Rust/WASM API Reference

The Rust implementation provides f64 precision phylogenetic computations, compilable to both native Rust and WebAssembly (via wasm-bindgen). It serves as the browser fallback when WebGPU is unavailable.

Crate: phylo_wasm

Location: subby/wasm/

Targets: - cdylib — WebAssembly module via wasm-bindgen - rlib — Native Rust library for CLI and testing

Feature flags: - wasm — gates wasm-bindgen dependencies

[dependencies]
wasm-bindgen = { version = "0.2", optional = true }
js-sys = { version = "0.3", optional = true }

[features]
default = []
wasm = ["dep:wasm-bindgen", "dep:js-sys"]

Native Rust API

DiagModel

pub struct DiagModel {
    pub eigenvalues: Vec<f64>,   // (A,)
    pub eigenvectors: Vec<f64>,  // (A*A,) row-major
    pub pi: Vec<f64>,            // (A,)
}

log_like(alignment, parent_index, distances, model) -> Vec<f64>

Compute per-column log-likelihoods.

Parameter Type Description
alignment &[i32] Flat (R*C) row-major tokens
parent_index &[i32] (R,) preorder parent indices
distances &[f64] (R,) branch lengths
model &DiagModel Substitution model

Returns: Vec<f64> of length C.

counts(alignment, parent_index, distances, model, f81_fast_flag) -> Vec<f64>

Compute expected substitution counts and dwell times.
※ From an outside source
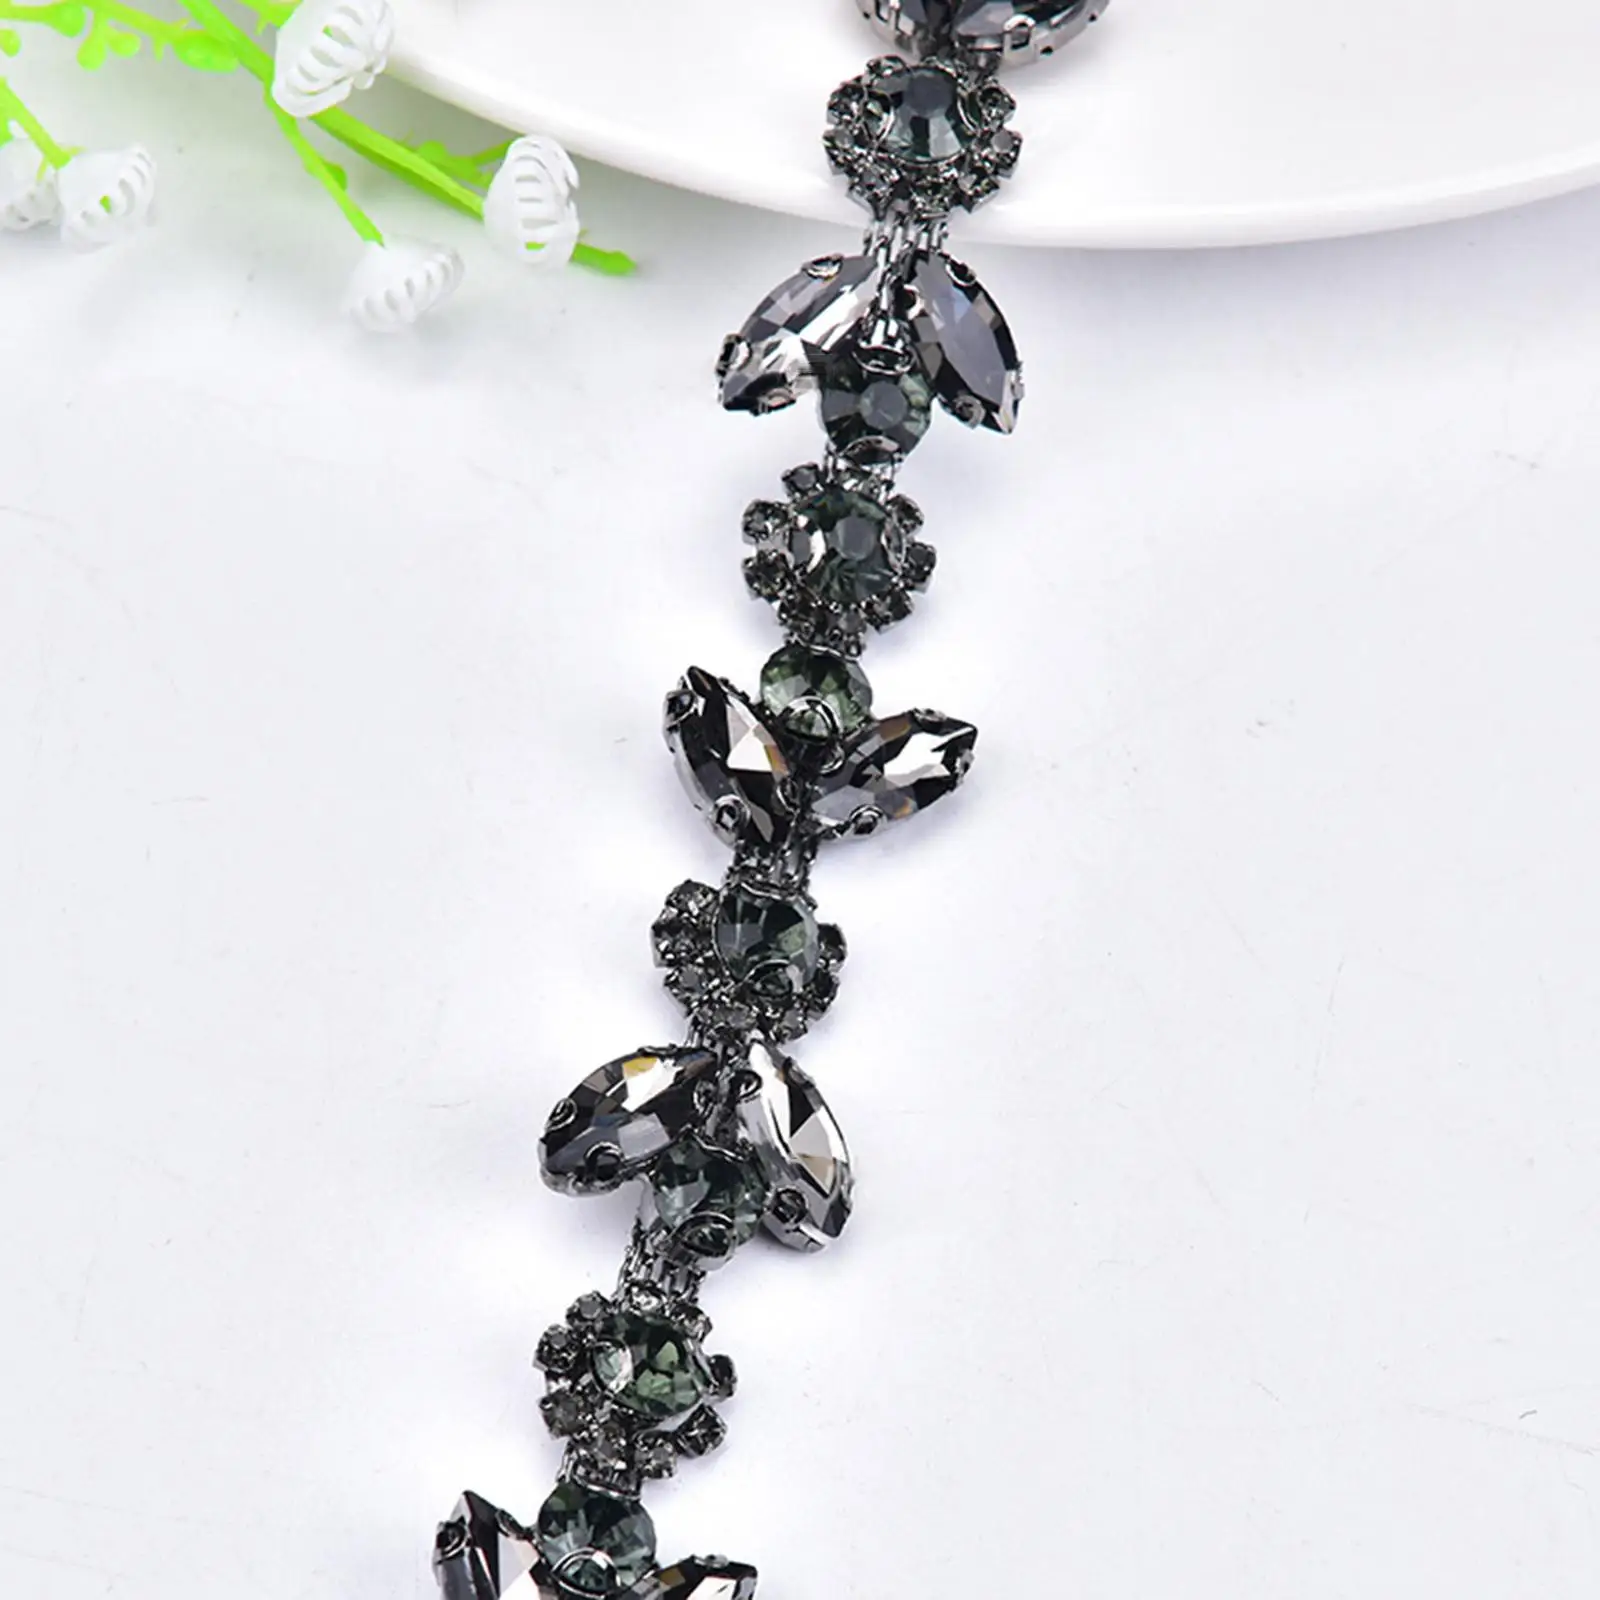 Delicate Rhinestone Trim Beaded Belt Sew On Embellishment Jewelry Rhinestone Chain Decor for Clothes Patch Shoes Wedding Costume

Returns: Vec<f64> of length A*A*C, row-major (A, A, C).

root_prob(alignment, parent_index, distances, model) -> Vec<f64>

Compute posterior root state distribution.

Returns: Vec<f64> of length A*C, row-major (A, C).

mixture_posterior_full(alignment, parent_index, distances, models, log_weights) -> Vec<f64>

Compute mixture component posteriors.

Returns: Vec<f64> of length K*C, row-major (K, C).


Model constructors

hky85_diag(kappa: f64, pi: &[f64]) -> DiagModel

HKY85 model with closed-form eigendecomposition.

jukes_cantor_model(a: usize) -> DiagModel

Jukes-Cantor model for a states.

f81_model(pi: &[f64]) -> DiagModel

F81 model with given equilibrium frequencies.

gamma_rate_categories(alpha: f64, k: usize) -> (Vec<f64>, Vec<f64>)

Discretized gamma rate categories.

scale_model(model: &DiagModel, rate_multiplier: f64) -> DiagModel

Scale eigenvalues by a rate multiplier.

eig_symmetric(s: &mut [f64], a: usize) -> (Vec<f64>, Vec<f64>)

Cyclic Jacobi eigendecomposition for a symmetric matrix. Computes eigenvalues and eigenvectors in-place.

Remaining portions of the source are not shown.